First of all please note that list is for errors that occur when specifically working with databases/data, so if your error is occurring in "normal" code the advice here (even if it has the same error message) is unlikely to be entirely relevant/accurate. If this is the case, please see the advice that follows the list.


Error messages can vary by database system & connection technology, so the text in the message may differ slightly from what is listed – but the cause/solution are likely to be the same.
Contents
"Could not find installable ISAM""Data source name not found and no default driver specified."
"Syntax error in .. clause""No value given for one or more required parameters.""Too few parameters. Expected ..."
".. Type mismatch .."
"String or Binary data would be truncated""The field is too small to accept the amount of data..."
"Item cannot be found in the collection corresponding to the requested name or ordinal""Item not found in this collection"
"Either BOF or EOF is True..."
"Operation is not allowed when the object is closed.""Operation is not allowed when the object is open.""The connection cannot be used to perform this operation. It is either closed or invalid in this context."
"Unrecognized database format"
"Multi-step OLE DB operation generated errors. ..."

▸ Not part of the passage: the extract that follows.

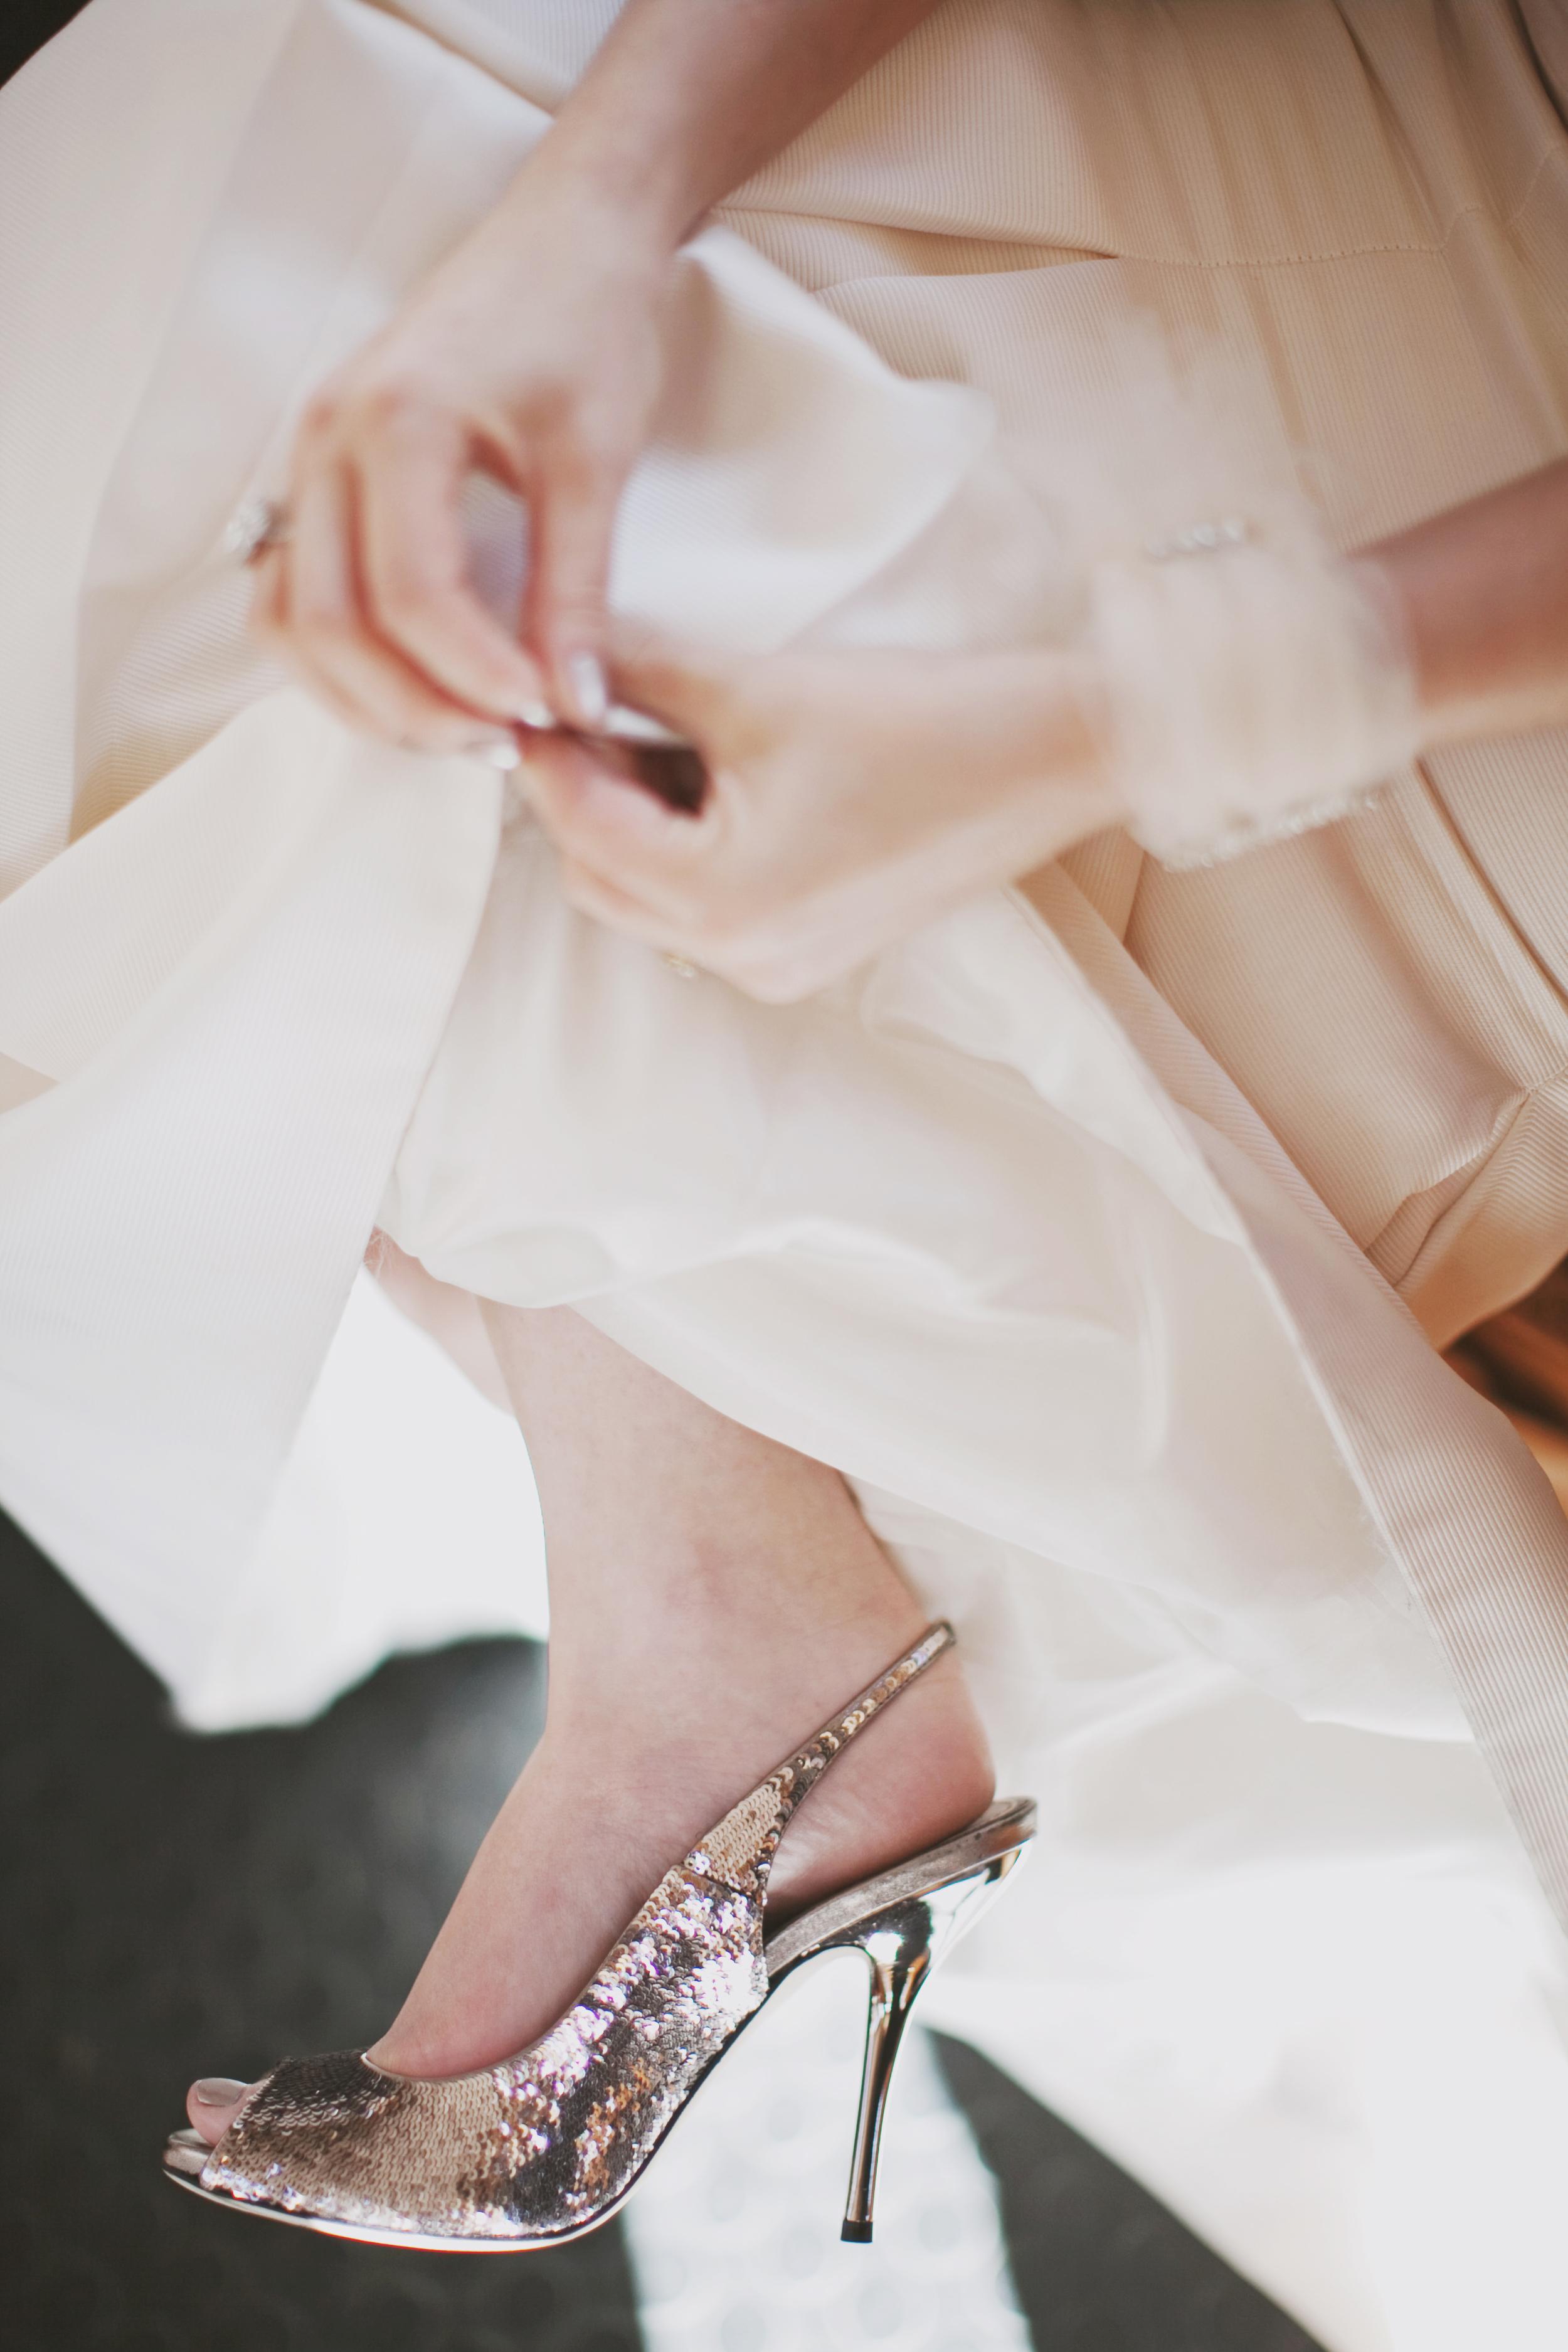 San_Francisco_City_Hall_Wedding_Photography_Cori_EB-16.JPG
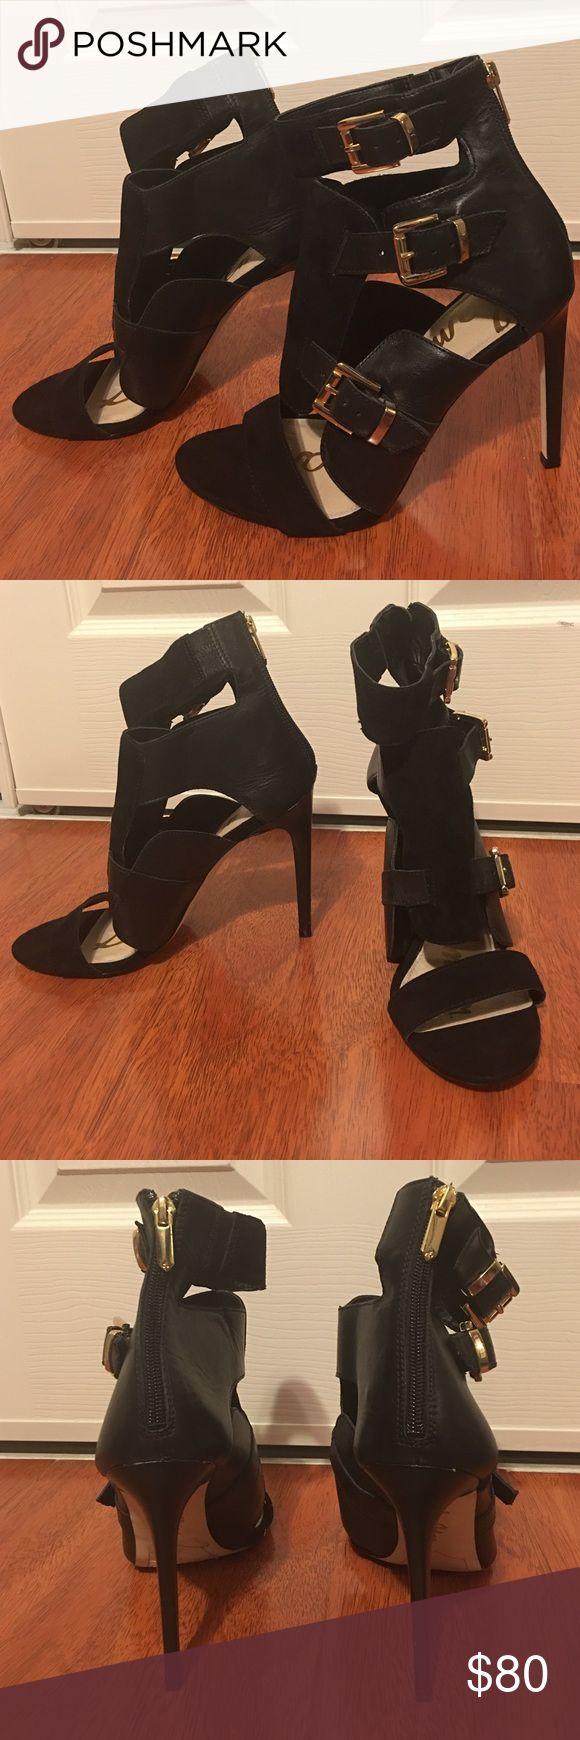 (1 Day Sale🎉) Sam Edelman Black Heels!Never worn Sam Edelman Black Heels!! Excellent condition!! Sam Edelman Shoes Heels

*Something not listed here?   Suggestions didn't help?*
If your problem wasn't listed above (or the suggestions didn't solve the problem), there is still hope!

If you are using Classic VB (_VB6 or earlier, or the VB editor in an Office application_) then see if the error is in the Classic VB equivalent of this page, which can be found here.

For errors relating to code that is not specifically working with data in/from a database, please see the appropriate FAQ page for your environment (such as the Classic VB FAQs for VB6 or earlier, or the Office Development FAQs for an Office program).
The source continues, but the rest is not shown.